Mit dieser Erfahrung, was wünschen Sie sich für die Digitalisierung von Verwaltungsleistungen?

Ich freue mich darauf, auch in Zukunft an Digitalisierungsprojekten mitwirken zu können. Die Erfahrung von Fachleuten aus der Praxis ist sowohl in der Konzeptions- als auch in der Weiterentwicklungsphase ganz besonders wichtig. Spannend ist natürlich auch der Austausch mit den anderen Ländern – hier muss man Kompromisse eingehen, um gemeinsam eine Lösung zu finden.

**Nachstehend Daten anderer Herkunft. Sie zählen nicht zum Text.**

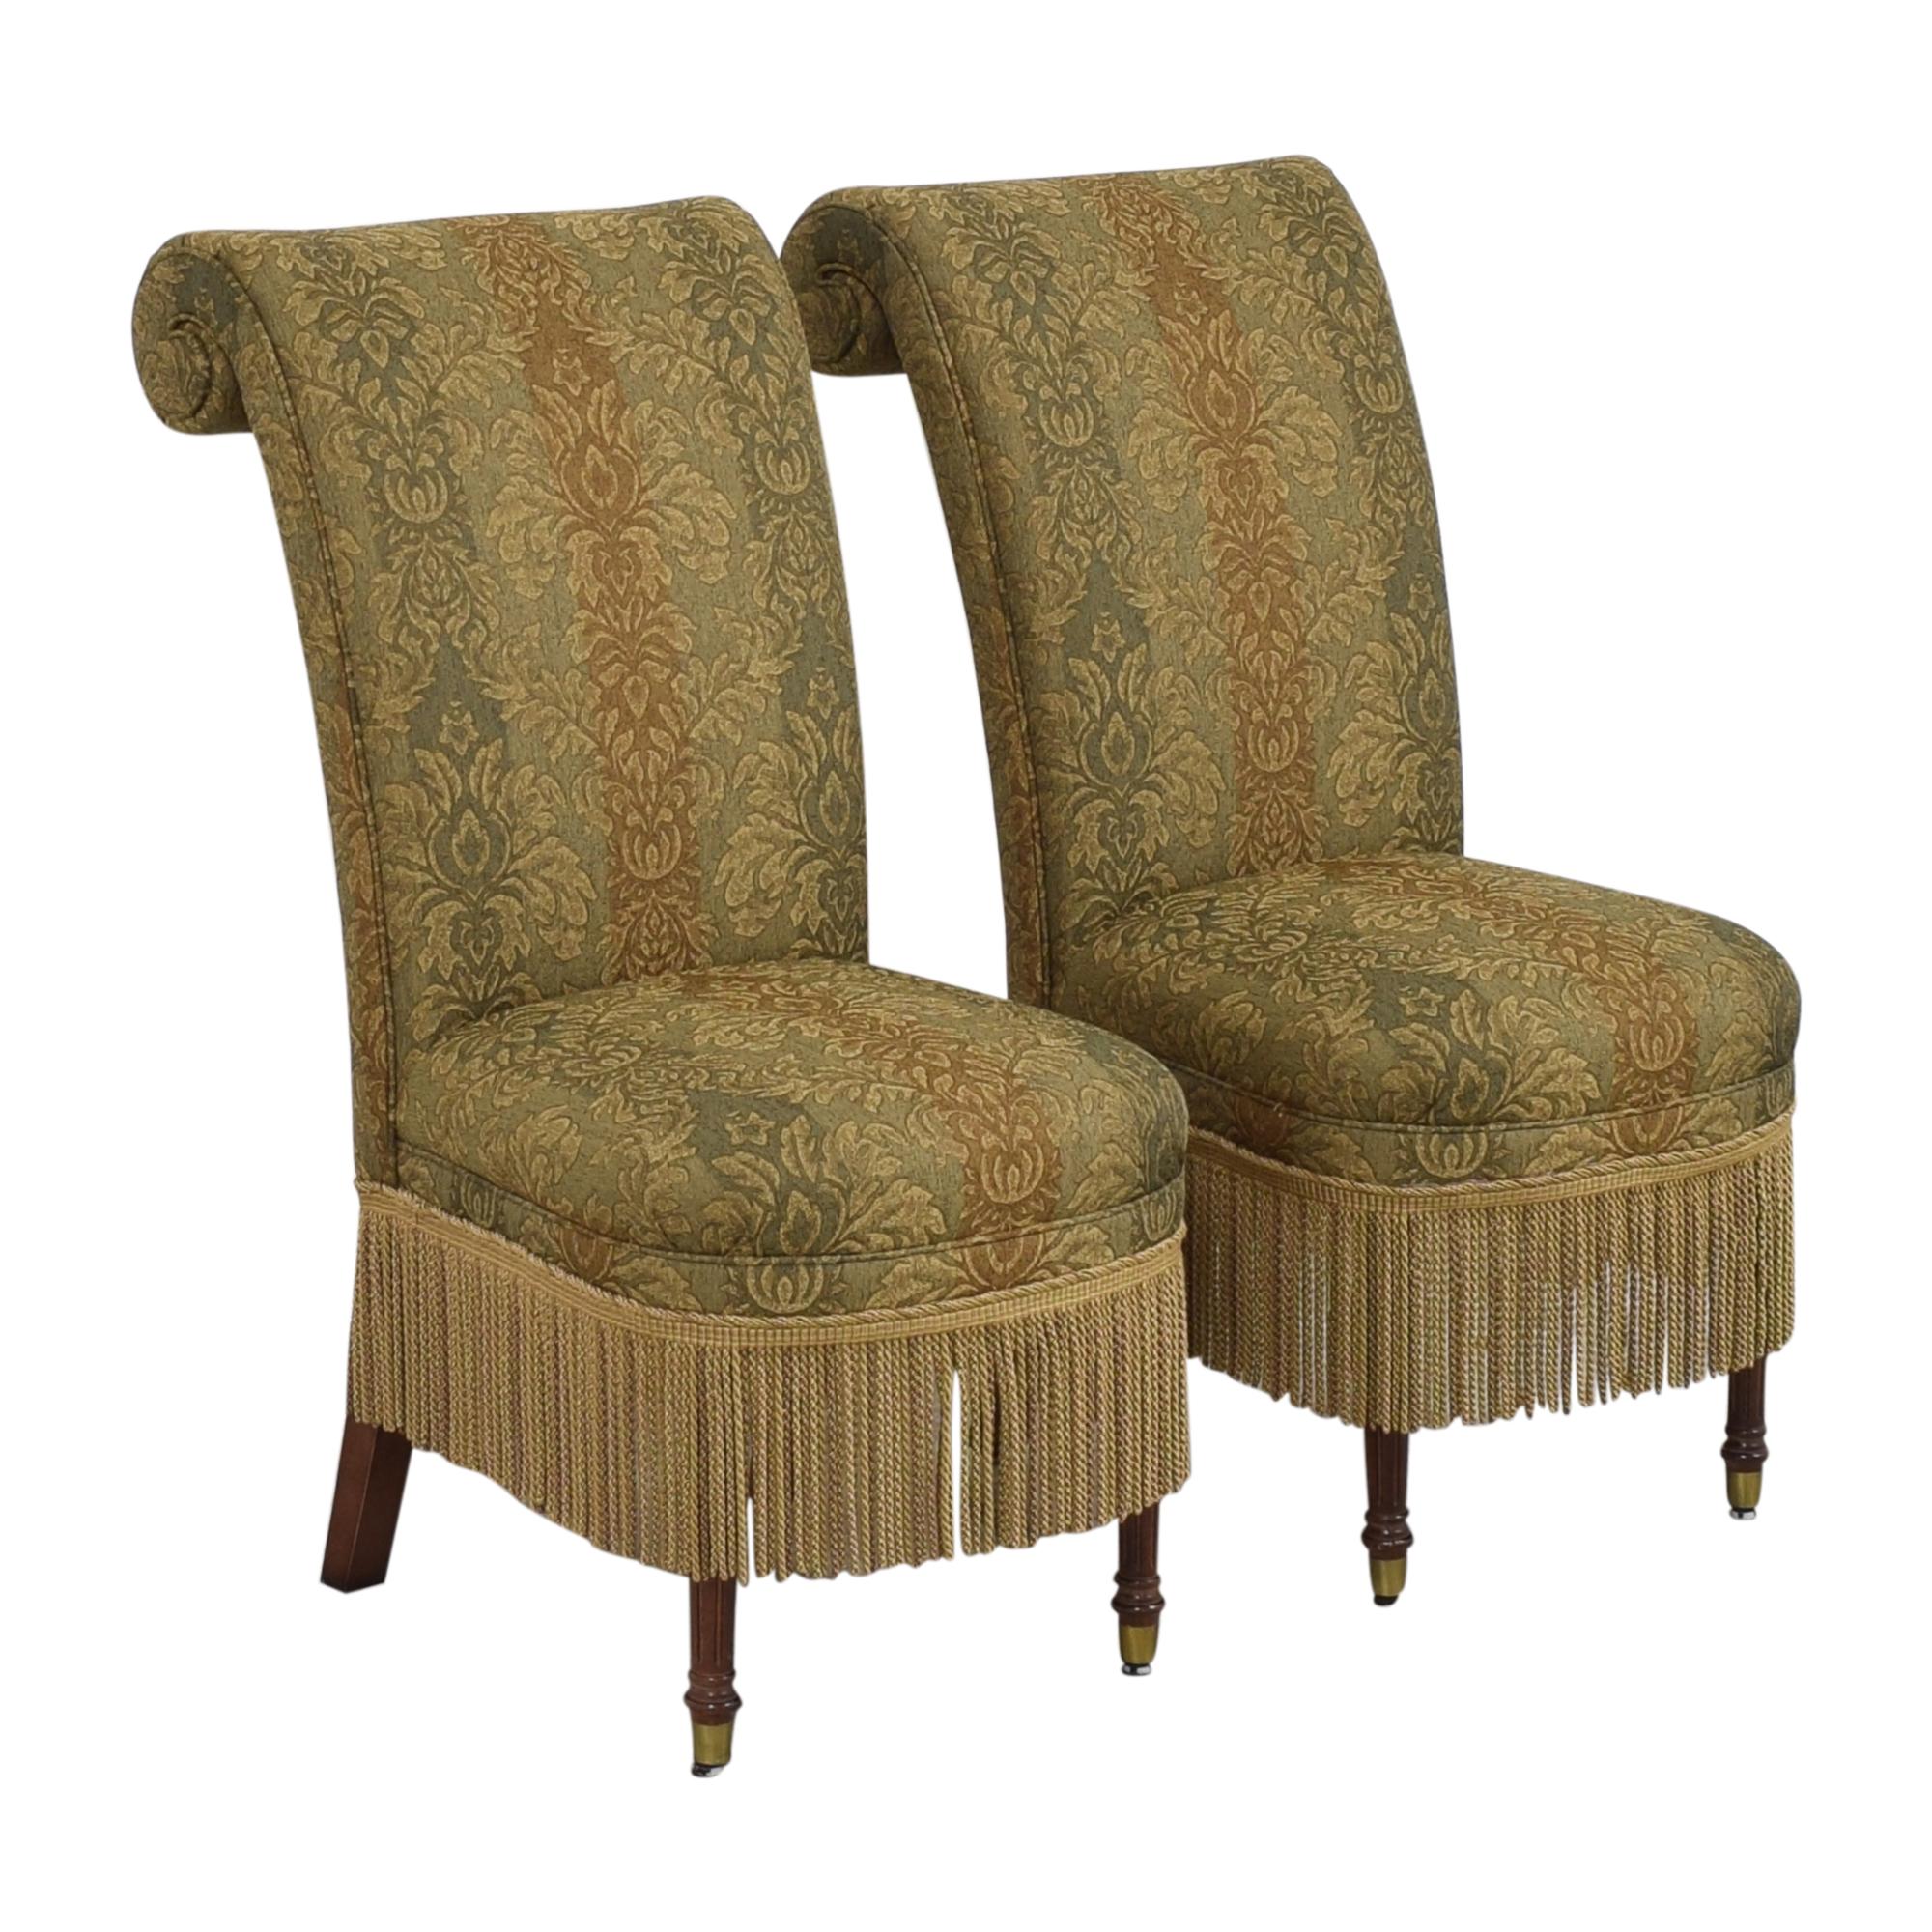 shop Designmaster Furniture Tasseled Dining Chairs Designmaster Furniture Dining Chairs

In den ersten zwei Montagen sind ca. 20.000 Anträge online eingegangen und bearbeitet worden. Da der Anspruch rückwirkend gilt und Anträge bis zu zwölf Monate später eingereicht werden können, werden noch viele dazukommen. Auf die rasche Digitalisierung und praktische Umsetzung der Anträge und Fachverfahren folgt jetzt eine Phase der Optimierung. Die Länder priorisieren hierzu regelmäßig neue oder sich ändernde Anforderungen und auch Gesetzesänderungen müssen berücksichtigt werden.

Die COVID-19-Pandemie erfordert in vielerlei Hinsicht ein Umdenken. Die erfolgreiche Zusammenarbeit zwischen Bund, elf Ländern und einem engagierten Projektteam zur Entwicklung eines Onlineverfahrens in nur 36 Tagen ist ein hervorragendes Beispiel dafür, wie digitale Transformation in Krisenzeiten gelingen kann.